### Task details
From the line that contains "Landing page of" to the last line of the data below, transcribe every line exactly. Do not include the pictures.

### Material provided
◆ ◆ ◆ ◆
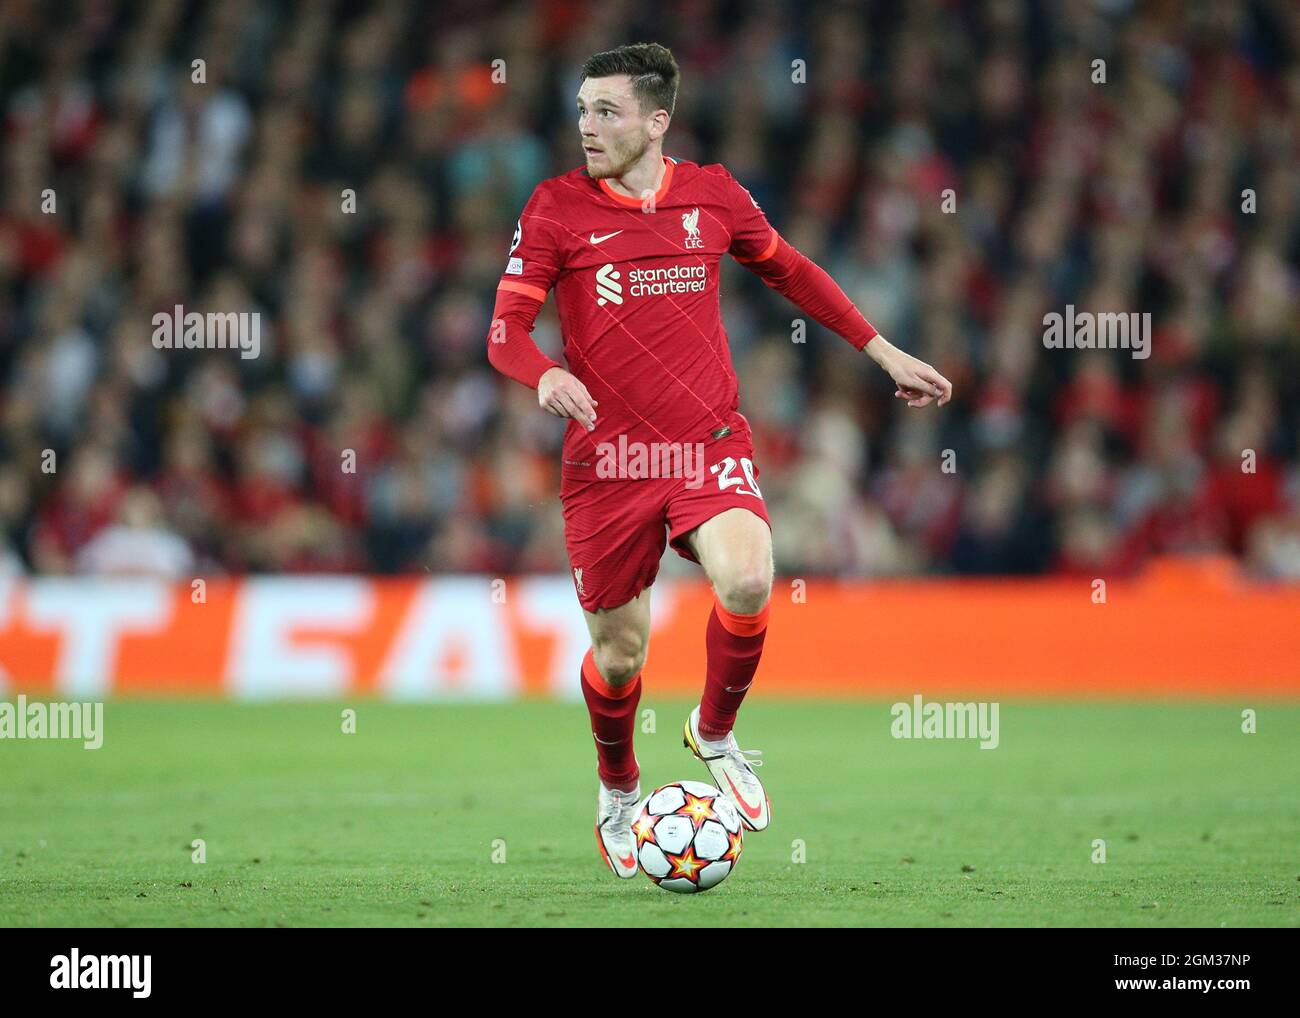 Liverpool, UK. 15th Sep, 2021. Andrew Robertson (Liverpool FC) in action  during Group B - Liverpool FC vs AC Milan, UEFA Champions League football  match in Liverpool, England, September 15 2021 Credit
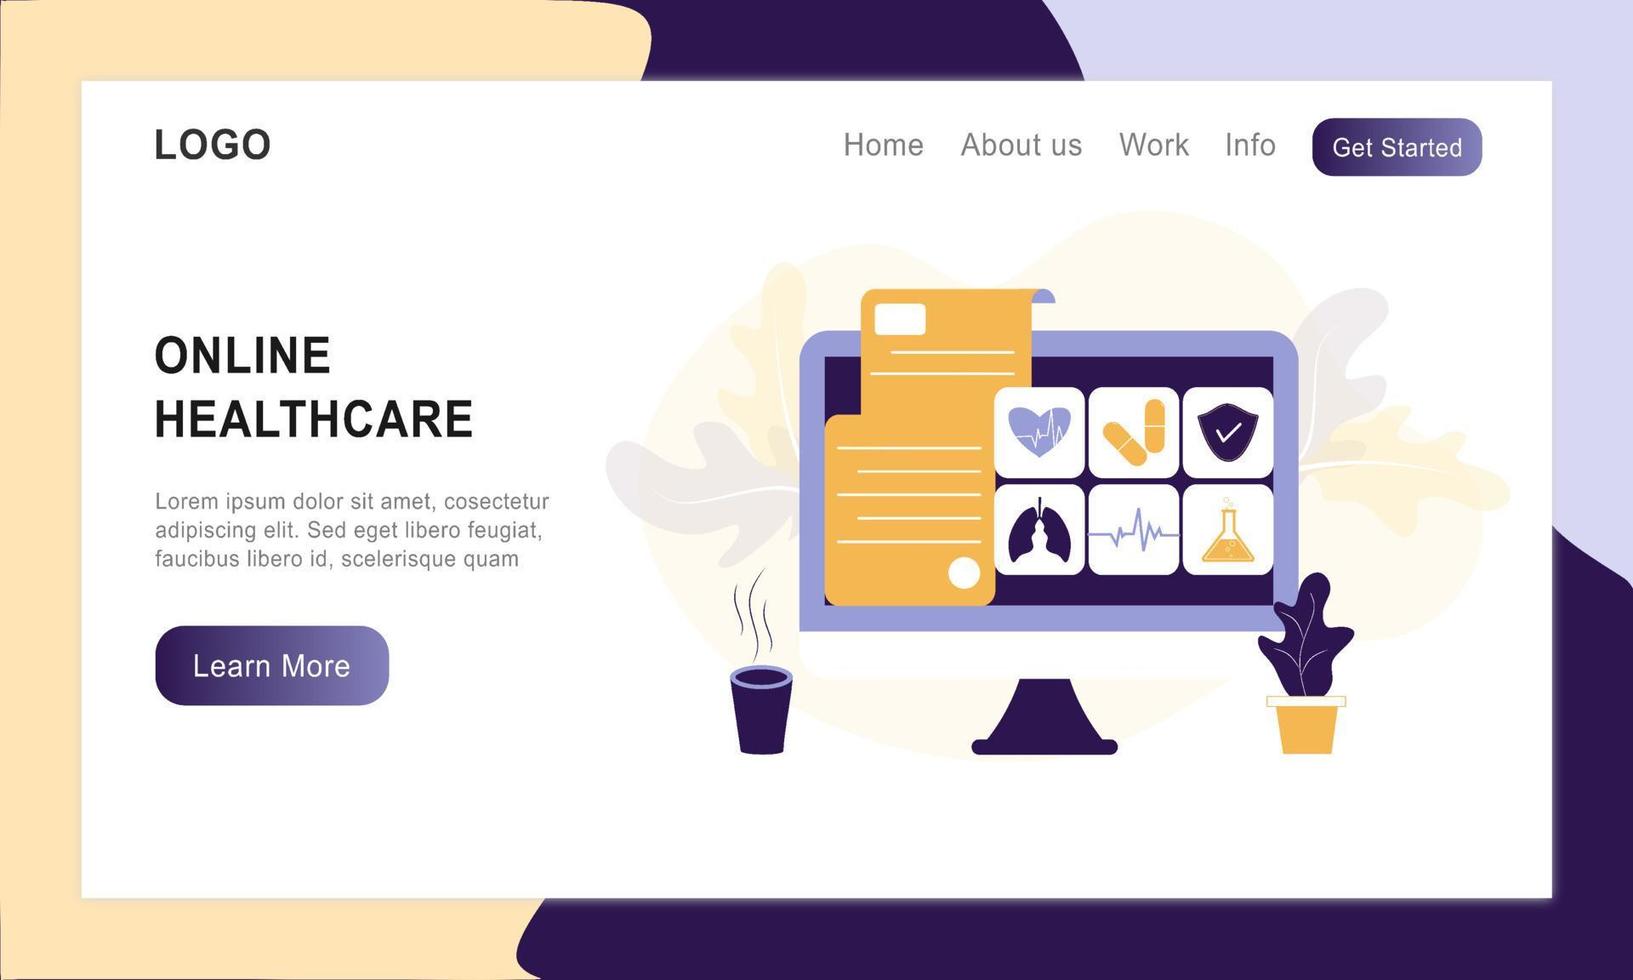 Landing page of online healthcare flat illustration. Online medical consultation and treatment via app smartphone or computer connected internet clinic. Online ask doctor consultation in mobile vector
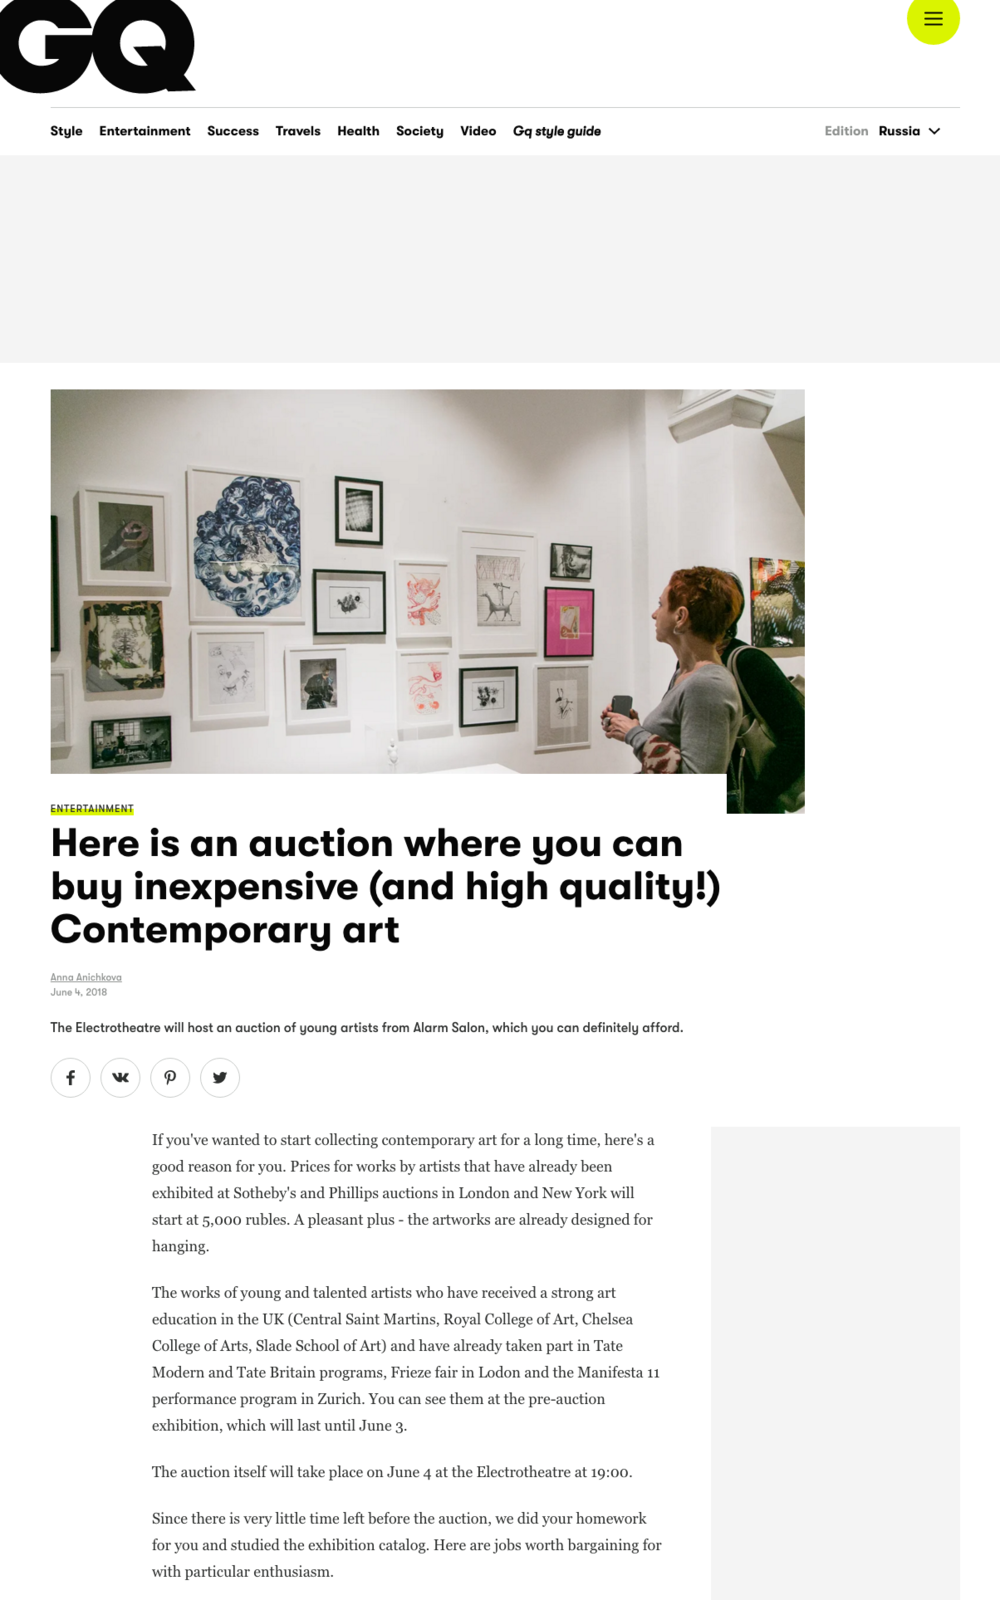 Alarm Salon contemporary art auction to be held at Electrotheatre - GQ Russia.png
◆ ◆ ◆ ◆
### Written answer
 Landing page of online healthcare flat illustration. Online medical consultation and treatment via app smartphone or computer connected internet clinic. Online ask doctor consultation in mobile vector
 Alarm Salon contemporary art auction to be held at Electrotheatre - GQ Russia.png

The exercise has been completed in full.